Regulatory hurdles are numerous, too. In the United States, state agencies — such as the California Department of Motor Vehicles, which sets testing rules; and the California Public Utilities Commission, which governs commercial robotaxi service — hold that power. At the federal level, NHTSA is responsible for defect investigations and crash reporting involving automated systems. Recent history illustrates the stakes: Cruise’s operations were restricted in California following safety incidents; Argo AI wound down in 2022; and a variety of AV timelines have slipped as companies face complex real-world situations whose challenges are being reconciled with public expectations.
How a Robotaxi-Enabled Car-Share Service Might Work
Zevo’s pitch combines the commonality of car-sharing with the on-demand convenience of ride-hailing. Members would request the car via the app; a car would drive to pick them up, complete their trip and then either return to service or reposition for another rider. Preliminary pilots often operate in geofenced areas with good mapping coverage and connectivity and clearly demarcated pickup zones to minimize curb conflict.

There’ll probably be phased-in safety oversight. A lot of pilots begin with a safety operator and then move to remote assist — humans who instruct them in rare edge cases while not driving the car. Waymo rolling out its paid robotaxi service in parts of Phoenix and the San Francisco Bay Area is helping to set a pattern for autonomous vehicles that can work with ride-hail while focusing on predictable trips and favorable weather windows first.
Zevo will hunt for a low cost per mile economically via high utilization, automated charging, and quiet routing. Insurance and liability structures are still emerging, but big fleet operators are increasingly leaning on granular telematics and event data recorders to manage risk and navigate claims — capabilities that more extensive vehicle software integration could strengthen.
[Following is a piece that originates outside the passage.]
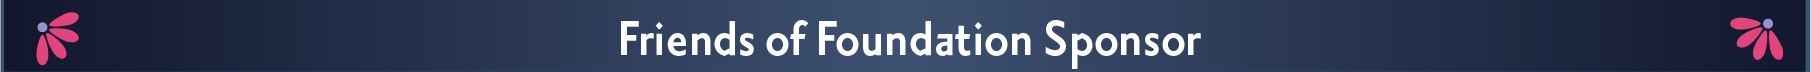 Friends of Foundation Sponsor.png

Key Risks and Early Indicators to Watch for Zevo and Tensor
Tensor has yet to manufacture cars at the volumes needed and win the permits required to operate without drivers. Look for third-party safety certifications, a limited pilot rollout in controlled neighborhoods and evidence of supply chain partners that exhibit automotive-grade quality. Any approvals from these regulatory agencies, milestones in reporting to NHTSA or partnerships with insurers would be significant signs of forward progress.
For Zevo, the key questions are uptime, customer satisfaction and unit economics. Statistics like average wait time, completed trips per vehicle per day and cost per mile will offer an unvarnished view of whether robotaxi-enabled car shares can prove competitive with ride-hail services and traditional rentals. If Zevo and Tensor can demonstrate reliable service in a single market, the model could scale up fast — particularly in those Sunbelt cities where AV pilots and EV infrastructure have taken off.
It’s a risk, but one whose timing is entirely intentional. Now that robotaxis are no longer a science project and consumers are more comfortable with on-demand mobility, a hybrid car-share/AV network could serve as the bridge between private ownership and fully autonomous fleets. If Tensor comes through and regulators are helpful, Zevo’s move could be a model for how many local fleets are sequenced in the next wave of urban transportation.